Nigeria’s headline inflation rate has moved up to 15.93% in May 2026 from 15.69% recorded in April 2026, according to the latest Consumer Price Index (CPI) report.
- +NGX stocks you should own amid rising inflation in 2026
For investors, that raises one immediate question: which stocks should you be holding?
For investors, that raises one immediate question: which stocks should you be holding?
Inflation matters across every asset class; stocks, bonds, real estate, fixed deposits, because your return must beat the inflation rate, or you are losing money in real terms.
At 15.93%, any investment returning less than that is shrinking your purchasing power, not growing it.
But inflation does not affect all assets equally. Some sectors benefit when inflation rises, while some are hurt.
Before we go into the stocks to own in an inflationary environment, let us look at how inflation affects the equities market generally.
When inflation rises, central banks raise interest rates to cool the economy. Higher rates make borrowing more expensive for companies, compress profit margins, and lift the return on fixed-income instruments like bonds and treasury bills, making equities relatively less attractive. So, investors are likely to move out of stocks and into safer, yielding assets.

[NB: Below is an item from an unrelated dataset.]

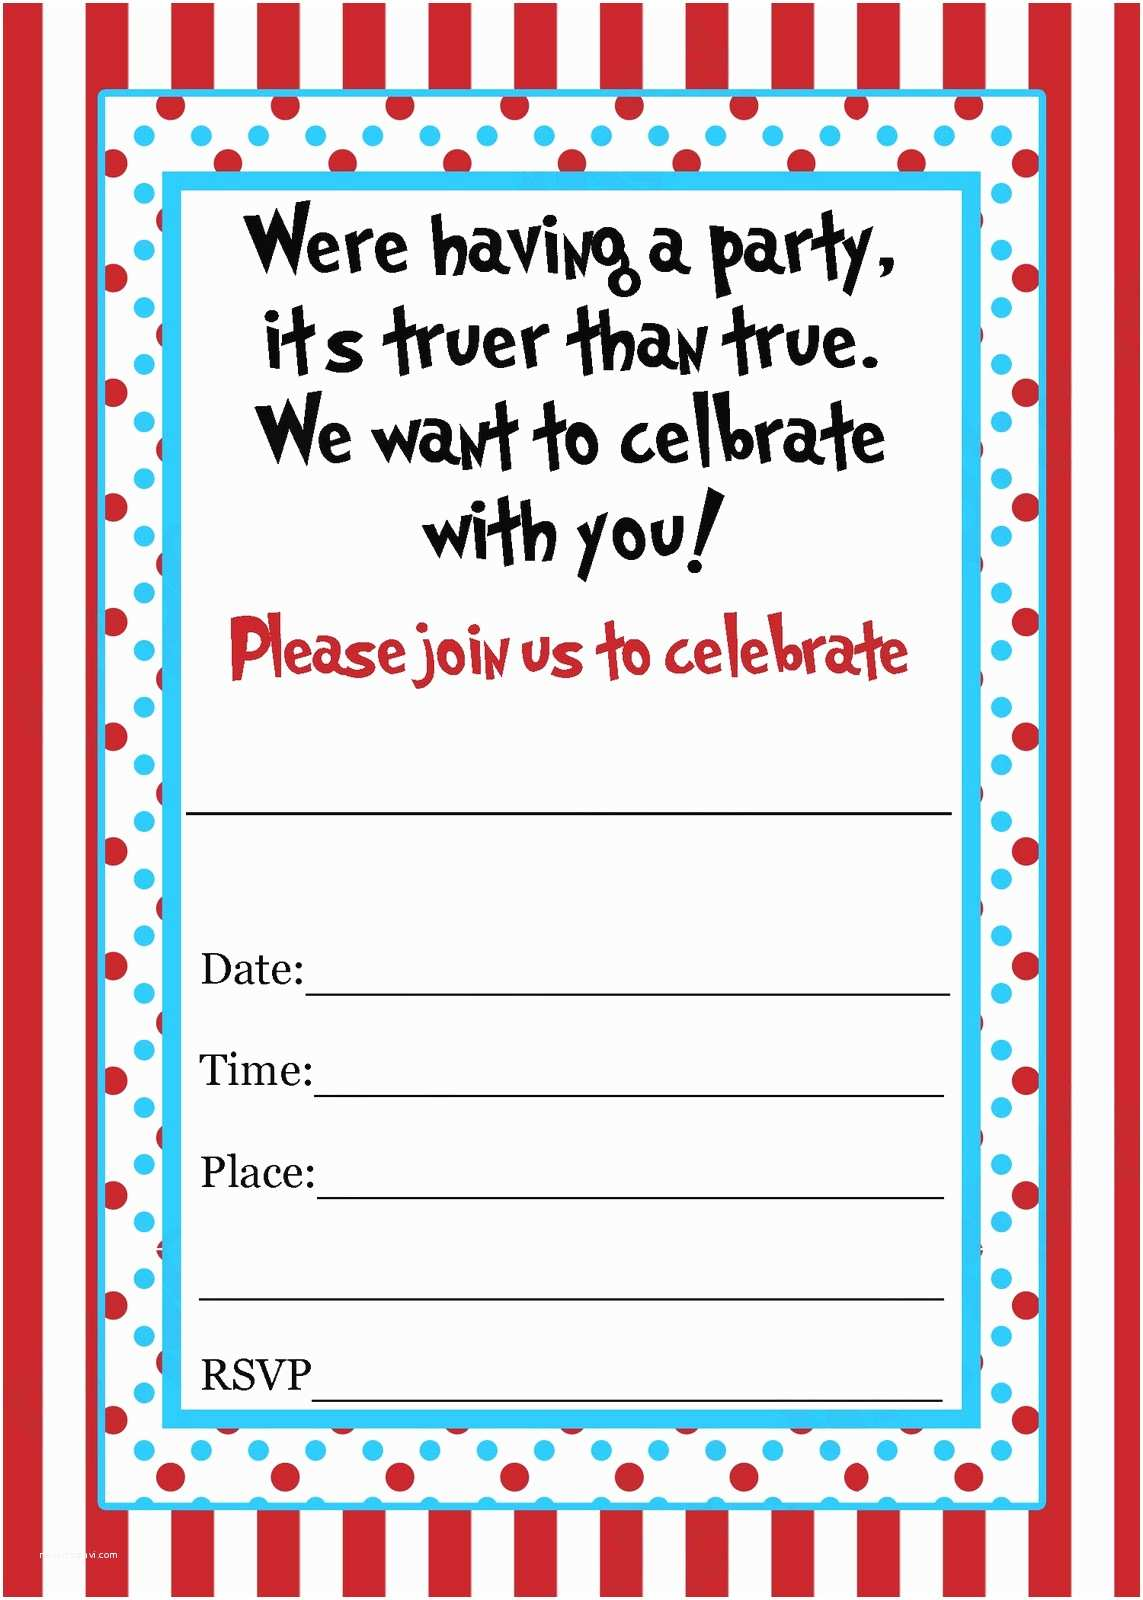 Blank Birthday Invitations 40th Birthday Ideas Blank Birthday Invitation Templates Free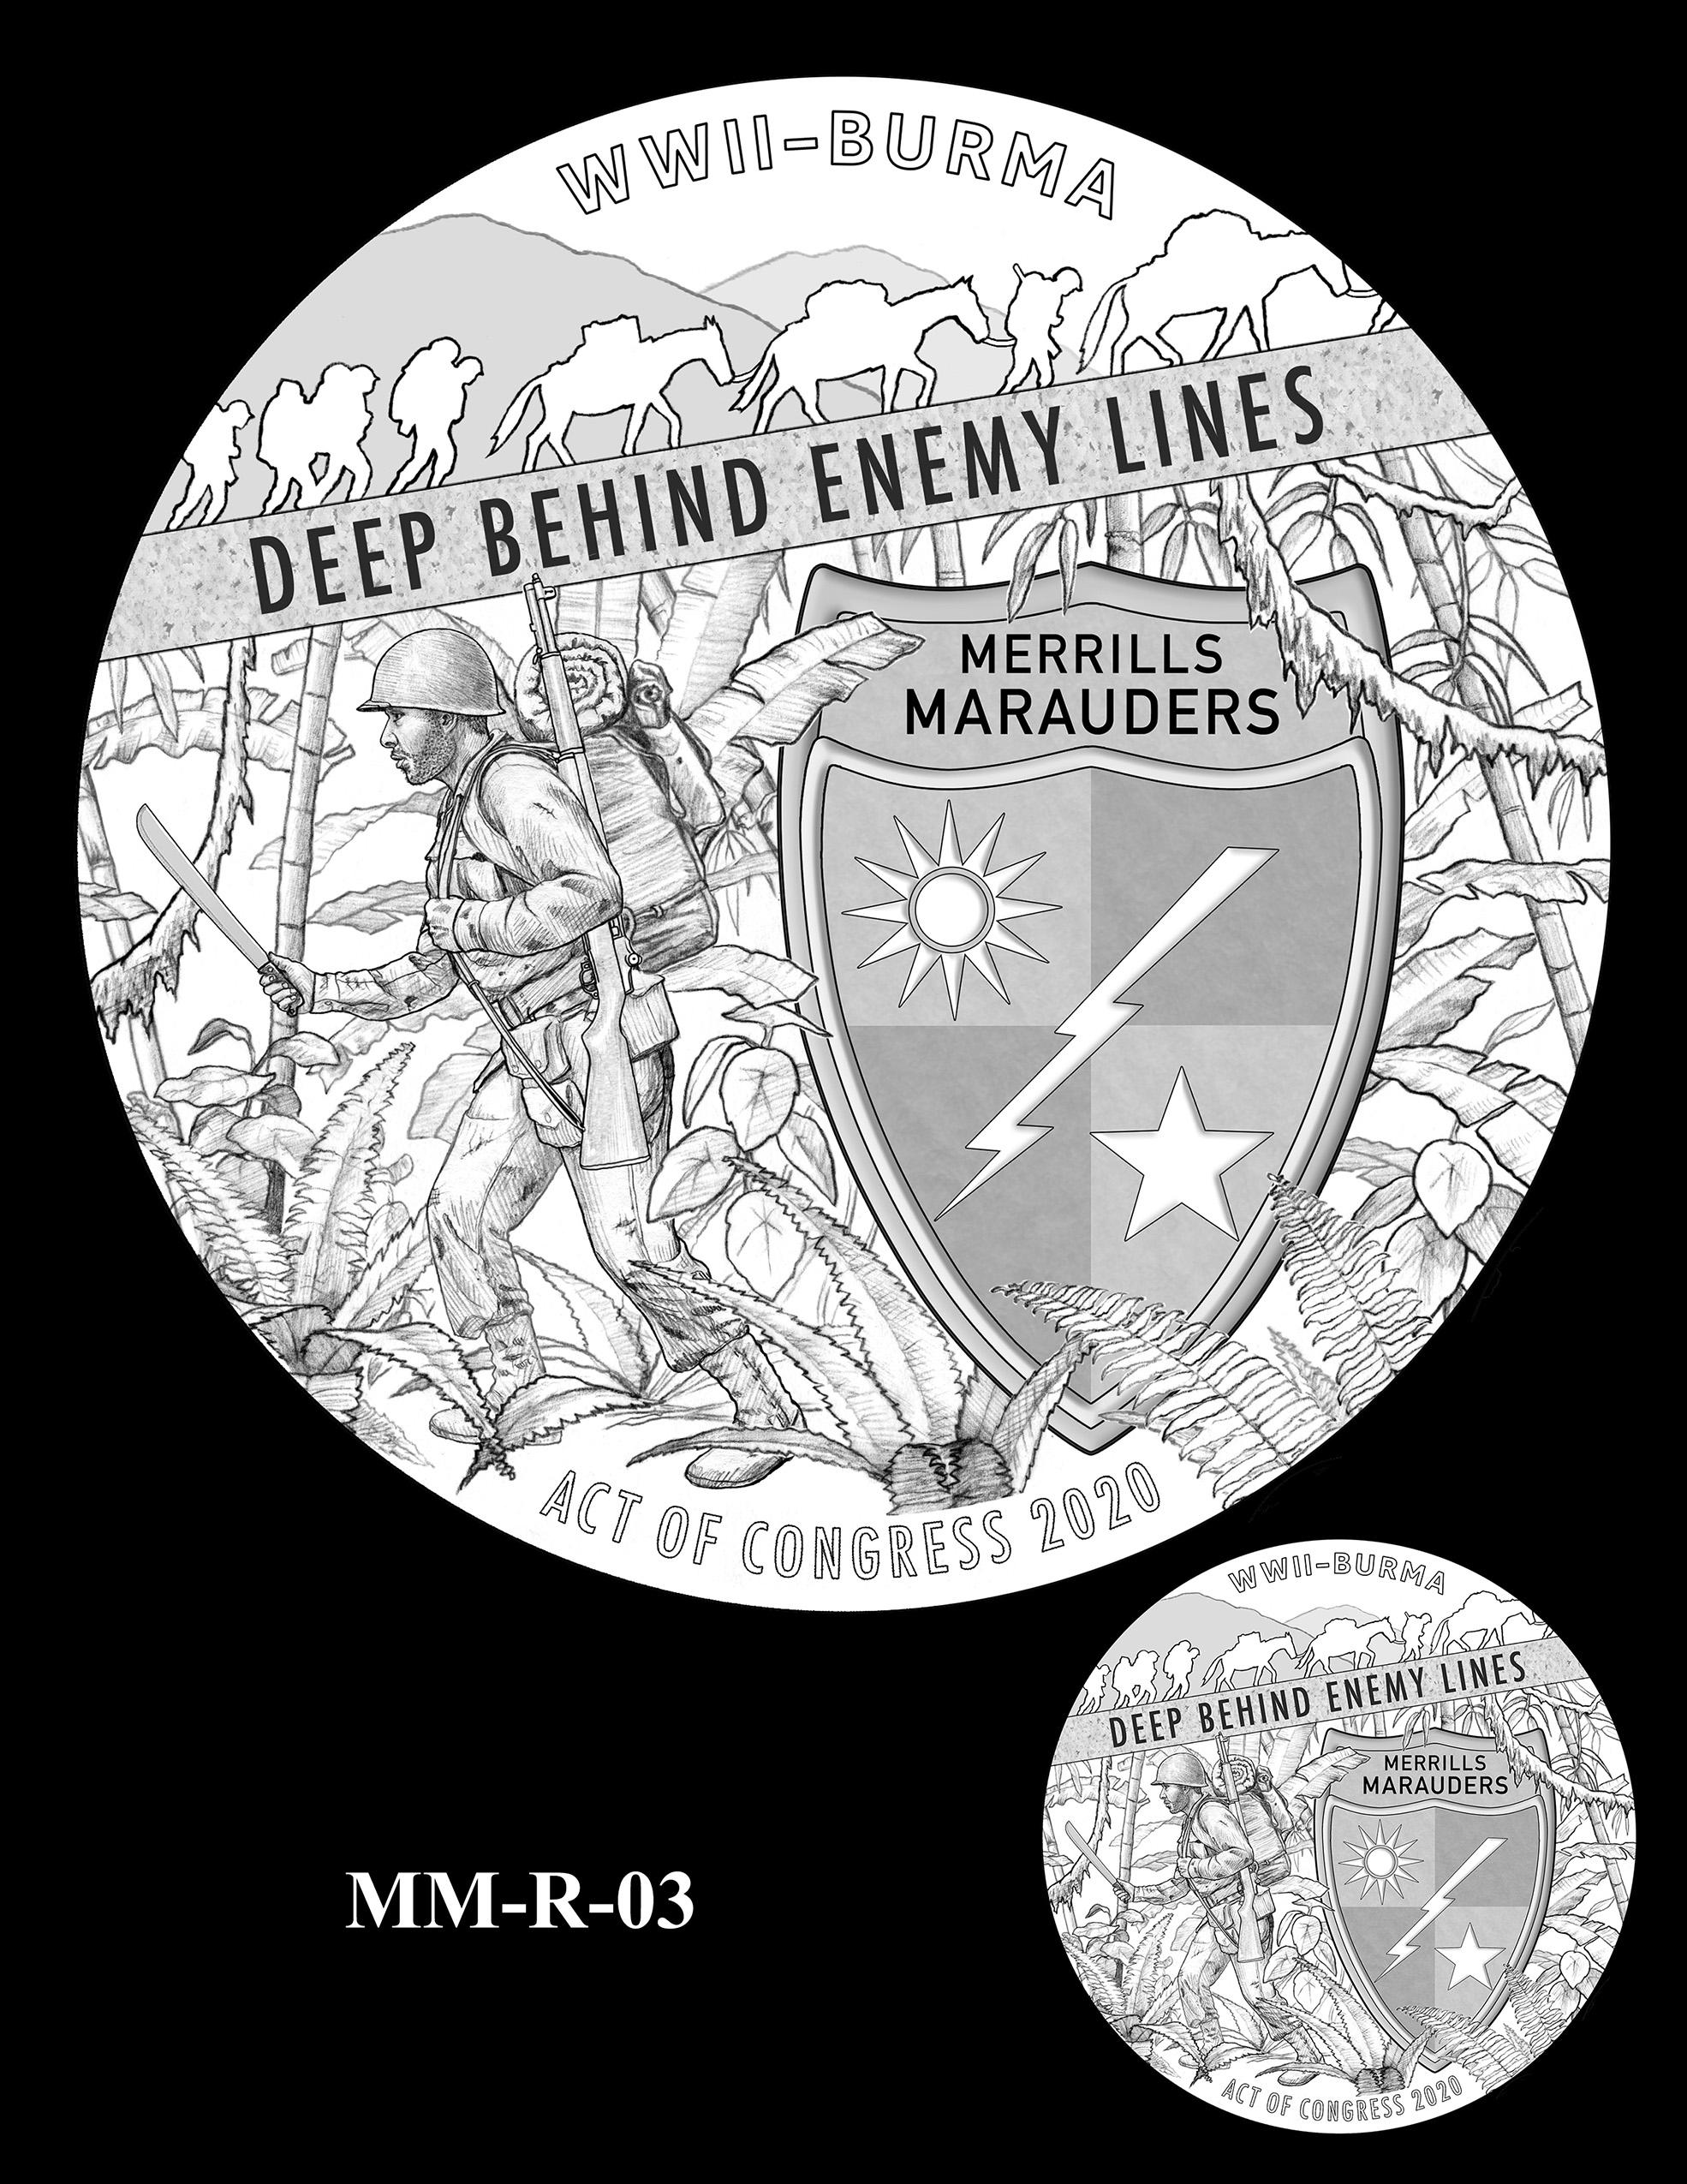 MM-R-03 -- Merrill's Marauders Congressional Gold Medal

On the other hand, when inflation eases, central banks cut rates. This will affect the yield from fixed income assets, which can fall below the inflation rate, leading to negative real returns. More so, with the rate, the cost of borrowing falls, which is likely to reduce interest expenses and then improve margins and profitability.
Overall, when inflation rises aggressively and persists, investors become more concerned with one practical question: which asset class can beat inflation; fixed income instruments, stocks, fixed deposits, etc.
The open question now is going into H2 2026, and with inflation rising again, which sectors or specific stocks can investors consider?
But first, let us look at how the market and the sectors have performed; although past record or performance is not a guarantee for future performance, but at least it can provide a guide.
Over the past five years, the broad market has delivered positive returns every single year.
Sectorally, going into H2, the Oil and gas sector has been the flyer, with the index hitting a high of 128% in April before pulling back to 113% in June.
Beyond sector position, there are certain characteristics investors should consider before picking a particular stock during this rising inflation environment.
Each of the stocks and sectors recommended below has been assessed against these seven questions. Here is what the analysis shows.
Specifically, Aradel and Seplat are our picks from this sector. Both qualify on fundamentals; their five-year revenue growth of over 1,200% each reflects genuine business transformation, not inflated share prices chasing speculation.
Also, both companies are trading below their total asset value; you are buying N1 of assets for less than N1 in both cases. Aradel at 0.70x is cheaper on this basis than Seplat at 0.80x.
This is a powerful valuation argument in an inflation environment; hard assets appreciating in replacement cost while the market values them below book value.
However, Aradel’s RSI 39.99 offers a technically healthy entry at N1,670 per share. Seplat at RSI 70.68 and N11,363.90 per share is technically overbought; the business is strong, but the entry point is not.
For Seplat, though it is good in an inflationary environment, investors should wait for a pullback; but for Aradel, it has a comfortable starting point.
The cement companies; Dangote Cement, BUA Cement, and Lafarge Africa (WAPCO) make a strong case for consideration.
All three are price makers, meaning they can raise prices without losing customers in a market where housing demand consistently outpaces supply.
They also own hard assets that appreciate as construction costs rise, making them natural inflation-environment holdings.
All three qualify on the core criteria. Although their valuation is not cheap enough, but in a rising inflation environment with construction demand structurally elevated, the risk-reward is favourable.
Five banks- GTCO, Zenith Bank, Wema Bank, Fidelity Bank, and Stanbic IBTC- make a strong case for consideration in a rising inflation environment.
Unlike most sectors, banks are direct beneficiaries of rising inflation. When inflation rises, interest rates follow. The gap between what banks charge borrowers and what they pay depositors widens, and that gap is where bank profits are made.
Valuations across the five are reasonable; none are expensive relative to the profitability they deliver.
MTN Nigeria fits into some of our criteria and, as such, is a stock to consider in a rising inflation environment, despite its debt level.
Consumer goods sector index at 20.08% YTD tells the most honest story about where ordinary Nigerians are in this recovery.
Two years of elevated inflation gutted household purchasing power; although they started recovering in 2025 due to stability in FX, it still warrants caution, now that inflation has started rising.
The insurance index at 5.89% YTD is the biggest laggard in the market. A brief spike to 58.62% in April was fully reversed by May, confirming it was a single-stock event, not a sector re-rating.
The insurance sector is greatly influenced by purchasing power, although it is supposed to be essential and mandatory. Until purchasing power genuinely returns to Nigerian households, the insurance sector will remain structurally constrained regardless of its essential character.